I remember really crying, singing “I surrender”; I was thinking: “Can I really say these words and believe them?” Seeing people with their hands in the air, truly expressing their love for God, was quite a strange experience for us, but it wasn’t scary.

At the same time as I was encountering God, my husband was wrestling with different issues. He was really intrigued with this new expression of church; one that he hadn’t seen before. How different it felt, how people were expressing a really intimate relationship with Jesus. But he had hang-ups with the idea of going to a happy-clappy church and it all being a bit full-on. We wanted to feel we could dip our toes in and then run away if we didn’t like it.

For me it was more of an emotional experience, which then became cerebral later. But for him, he’s much more in his head; he needed to understand it and intellectualise it first. He went on the Alpha course and got a lot from that.

In the light

We had been going to church for a month when my dad was diagnosed with terminal cancer. I really believe that God took me by the hand and brought me to the space I needed to be in before I heard that news. If we had started going to church after that point, I would have felt that I was grasping for something, looking for a crutch to get through difficult times, but God revealed himself first and so instead I was able to process what was happening.

Even now, with my dad being unwell, I feel really blessed.
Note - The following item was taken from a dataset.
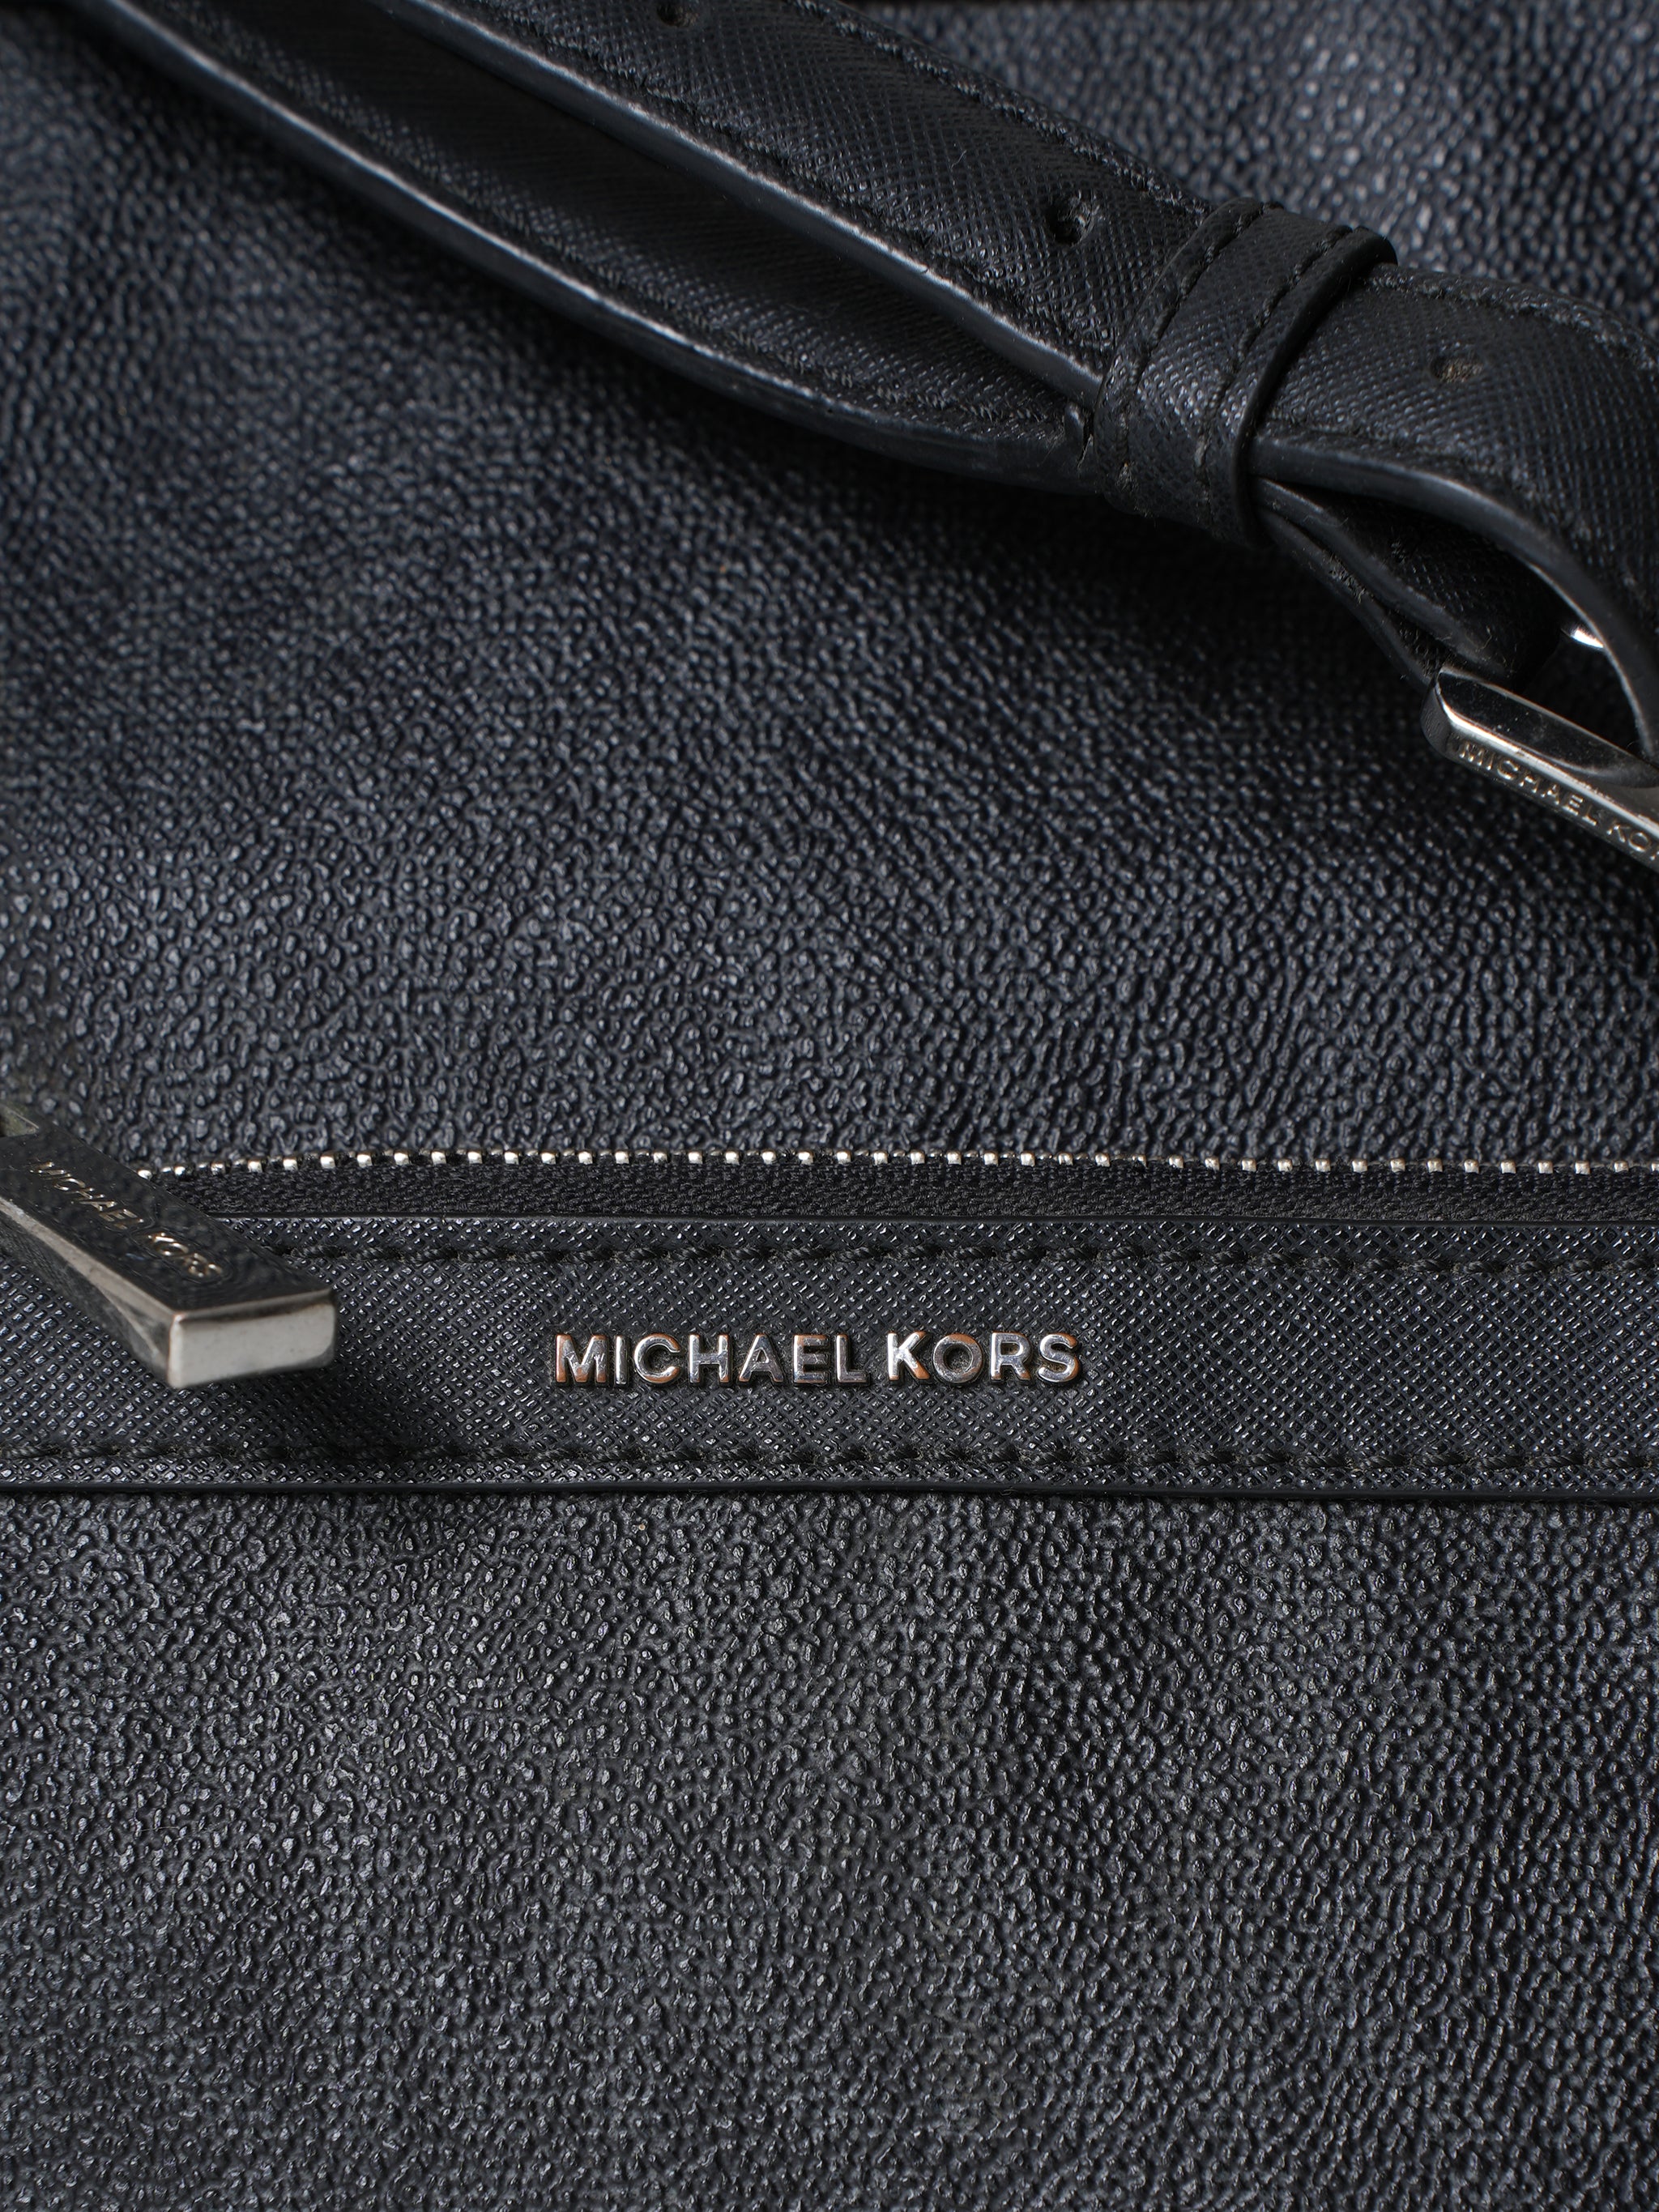 Michael Kors Black Crossbody Bag

I used to feel anxiety the whole time. I probably wouldn’t have called it that, but I used to worry all the time about everything. But through prayer and worship I just don’t feel that way any more. I know that God knows all of the good and bad in me and loves me anyway, and because I know I’m not on my own, that anxiety has gone. I feel much more able to approach everything.

My relationship with my husband is better too. We communicate more effectively and my husband sees life through a different lens. I genuinely think him coming to faith has put a new filter over his eyes. He is so much more compassionate and kind to everyone.

In the past when a friend would ask for advice about a situation where they had been wronged by someone, my natural inclination would be to say: “Don’t let them get away with that!” But now my advice is to feel love and compassion for that person. I remember reading a passage in John about being in the light and it really resonated with me. If you engage with those dark thoughts, those evil thoughts, it takes you into the darkness and, actually, it’s about keeping yourself in the light.

I have been so blessed by meeting with people from church during the week. We read a passage from the Bible and then somehow it pops into my head at just the right moment. There have been so many examples of that. I’ve come to realise it’s a living, breathing word.

I know that this is just the beginning of our journey and the hard work of figuring everything out starts now. I knew I was lucky before, but that all pales into the shadows in comparison to feeling held by God. I feel so blessed now. Life is so much better when God is involved.